What needs to be done:
Which lines run from the one containing "#3: Juan Pujol García - The Spy who won WWII" to the end of the entries? Quote them exactly, and nothing else.

Entries taken from a collection:
►

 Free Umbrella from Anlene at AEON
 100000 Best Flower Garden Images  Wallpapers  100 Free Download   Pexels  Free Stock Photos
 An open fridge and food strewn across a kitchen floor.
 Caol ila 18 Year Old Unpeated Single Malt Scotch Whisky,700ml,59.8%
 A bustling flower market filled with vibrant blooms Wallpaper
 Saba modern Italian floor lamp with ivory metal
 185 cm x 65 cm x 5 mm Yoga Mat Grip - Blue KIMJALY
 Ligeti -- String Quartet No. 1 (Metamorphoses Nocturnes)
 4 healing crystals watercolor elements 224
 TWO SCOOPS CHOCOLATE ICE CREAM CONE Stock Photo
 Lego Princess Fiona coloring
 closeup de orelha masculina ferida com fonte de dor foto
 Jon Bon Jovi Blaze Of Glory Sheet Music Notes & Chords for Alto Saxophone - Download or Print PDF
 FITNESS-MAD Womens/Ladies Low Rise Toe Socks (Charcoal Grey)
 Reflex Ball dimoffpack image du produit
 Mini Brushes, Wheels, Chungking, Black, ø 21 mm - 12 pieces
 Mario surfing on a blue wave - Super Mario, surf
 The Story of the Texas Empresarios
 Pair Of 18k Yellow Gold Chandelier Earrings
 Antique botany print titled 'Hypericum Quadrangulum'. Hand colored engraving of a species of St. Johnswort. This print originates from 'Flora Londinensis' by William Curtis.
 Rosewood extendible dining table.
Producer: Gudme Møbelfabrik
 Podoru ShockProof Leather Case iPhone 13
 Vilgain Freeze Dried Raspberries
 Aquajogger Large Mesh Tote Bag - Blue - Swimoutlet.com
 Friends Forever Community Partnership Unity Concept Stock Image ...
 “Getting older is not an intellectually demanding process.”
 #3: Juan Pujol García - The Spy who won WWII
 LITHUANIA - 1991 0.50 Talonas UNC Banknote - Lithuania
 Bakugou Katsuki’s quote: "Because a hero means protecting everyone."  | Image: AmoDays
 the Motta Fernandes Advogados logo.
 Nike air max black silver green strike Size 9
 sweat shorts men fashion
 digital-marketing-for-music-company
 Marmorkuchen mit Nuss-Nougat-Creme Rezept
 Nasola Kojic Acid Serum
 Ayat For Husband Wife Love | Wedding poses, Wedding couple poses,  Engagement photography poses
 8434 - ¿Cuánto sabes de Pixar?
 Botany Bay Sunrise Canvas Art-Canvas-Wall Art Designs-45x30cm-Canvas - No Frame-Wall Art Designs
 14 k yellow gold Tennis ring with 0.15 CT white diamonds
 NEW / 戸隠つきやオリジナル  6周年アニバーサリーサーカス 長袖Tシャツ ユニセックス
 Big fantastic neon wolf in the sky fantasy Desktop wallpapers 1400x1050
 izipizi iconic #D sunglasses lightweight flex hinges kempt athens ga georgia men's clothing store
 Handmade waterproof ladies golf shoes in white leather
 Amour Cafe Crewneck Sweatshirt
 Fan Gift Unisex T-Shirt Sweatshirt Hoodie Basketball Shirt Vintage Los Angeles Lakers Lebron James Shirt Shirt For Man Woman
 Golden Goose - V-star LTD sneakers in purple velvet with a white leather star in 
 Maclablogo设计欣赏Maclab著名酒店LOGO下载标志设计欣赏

◄

Expected answer:
 #3: Juan Pujol García - The Spy who won WWII
 LITHUANIA - 1991 0.50 Talonas UNC Banknote - Lithuania
 Bakugou Katsuki’s quote: "Because a hero means protecting everyone."  | Image: AmoDays
 the Motta Fernandes Advogados logo.
 Nike air max black silver green strike Size 9
 sweat shorts men fashion
 digital-marketing-for-music-company
 Marmorkuchen mit Nuss-Nougat-Creme Rezept
 Nasola Kojic Acid Serum
 Ayat For Husband Wife Love | Wedding poses, Wedding couple poses,  Engagement photography poses
 8434 - ¿Cuánto sabes de Pixar?
 Botany Bay Sunrise Canvas Art-Canvas-Wall Art Designs-45x30cm-Canvas - No Frame-Wall Art Designs
 14 k yellow gold Tennis ring with 0.15 CT white diamonds
 NEW / 戸隠つきやオリジナル  6周年アニバーサリーサーカス 長袖Tシャツ ユニセックス
 Big fantastic neon wolf in the sky fantasy Desktop wallpapers 1400x1050
 izipizi iconic #D sunglasses lightweight flex hinges kempt athens ga georgia men's clothing store
 Handmade waterproof ladies golf shoes in white leather
 Amour Cafe Crewneck Sweatshirt
 Fan Gift Unisex T-Shirt Sweatshirt Hoodie Basketball Shirt Vintage Los Angeles Lakers Lebron James Shirt Shirt For Man Woman
 Golden Goose - V-star LTD sneakers in purple velvet with a white leather star in 
 Maclablogo设计欣赏Maclab著名酒店LOGO下载标志设计欣赏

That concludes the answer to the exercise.